Watertown Stadium is a stadium in Watertown, South Dakota. It was primarily used for baseball and American football and was the home of minor-league professional baseball including, most recently (c. 1970), the Watertown Expos of the Northern League. The ballpark has a capacity of 5,000 people and opened in 1940.

It was most recently used by Watertown High School, to host baseball and football games, though its usage no longer includes. The stadium’s usage for football games was discontinued following the end of the 2024 season. Football games are now hosted at the Allen Mitchell Athletic Complex, starting with the 2025 season.

The stadium was built around the 1930s as Works Progress Administration Project 4265, and still holds the original plaque dedicating the structure. It is the home of the Watertown Arrows.

In 2005, an additional building was built to the East of the field. This building houses restrooms, a concession stand, and both Varsity and Sophomore locker rooms.

The stadium was listed on the National Register of Historic Places in 2000. It is built of reinforced concrete.

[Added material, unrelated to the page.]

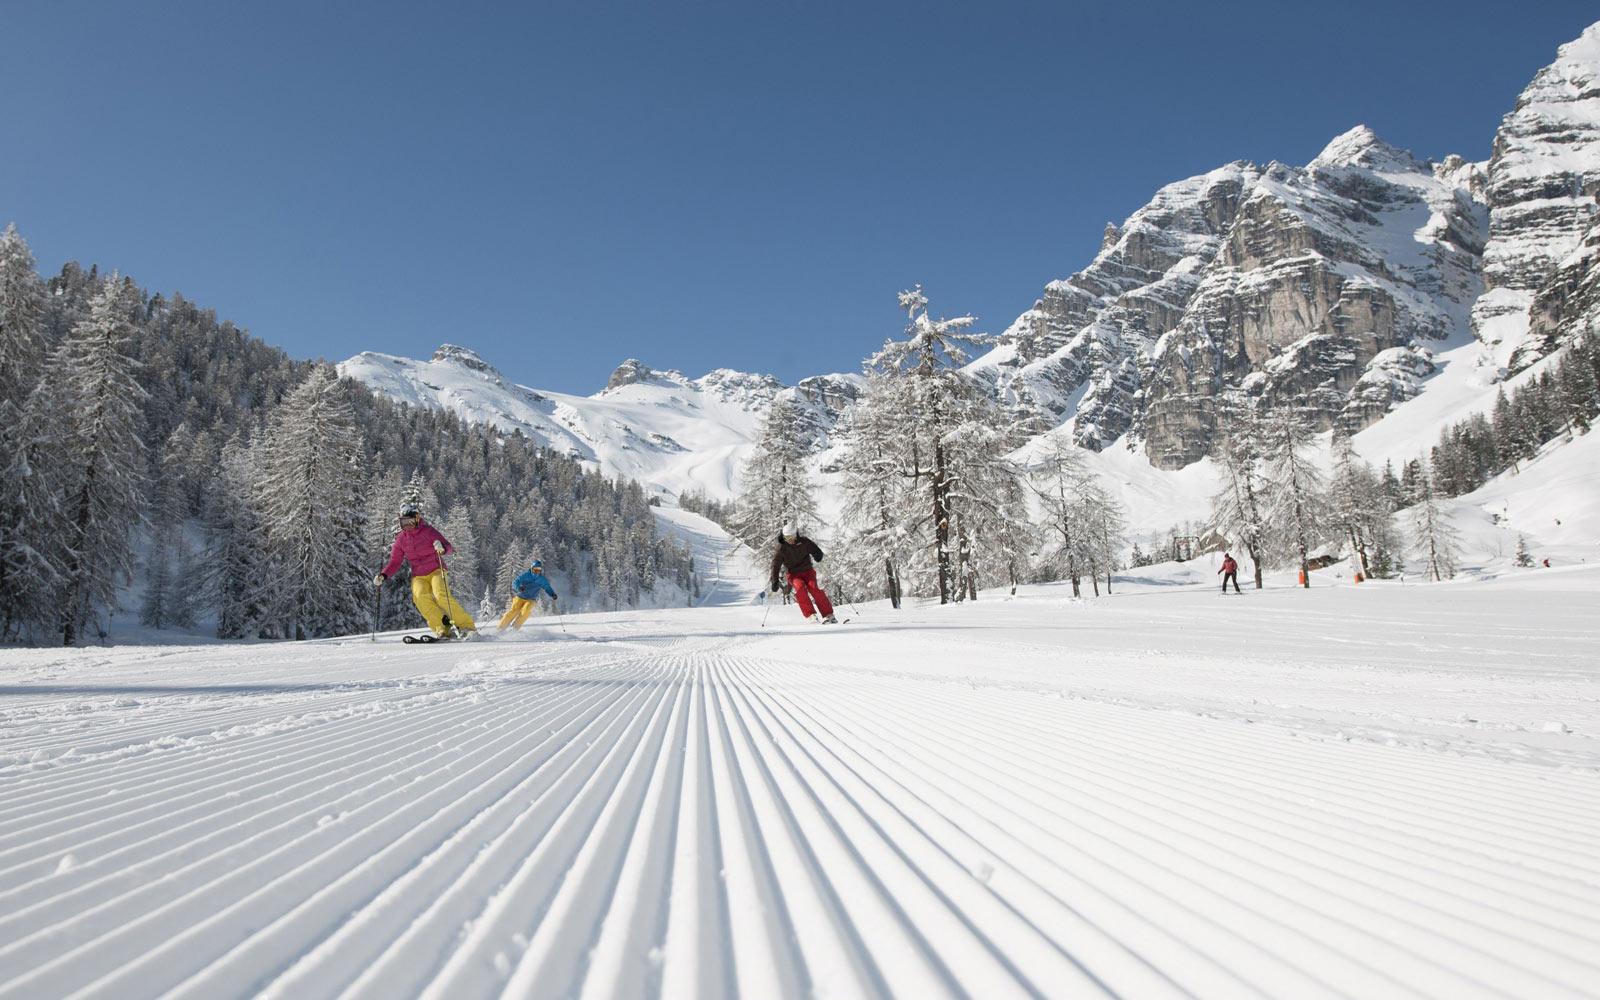 Happy Ski Skifahren Stubai Hotel Neustift Tirol Stubaier Gletscher Österreich Hostel Pauschalen Angebote Last MinuteHappy Action Stubai Hotel Neustift Tirol Stubaier Gletscher Österreich Hostel Pauschalen Angebote Last Minute

Its NRHP nomination asserts:The Watertown Stadium is a physical reminder of the unprecedented use of government aid to construct community improvements, particularly for recreation and leisure. Built in 1940, the stadium was reportedly planned as a band shelter, since the W.P.A. wanted to build them as part of their music project. According to a local story, the structure was built in phases, and it initially looked more like a bandshell. During the last phase of construction, it was then modified for use as an athletic stadium. Although the story is rumor, the existing structure is an excellent example of W.P.A. construction and one of the more outstanding federal relief projects in the northeastern part of the state.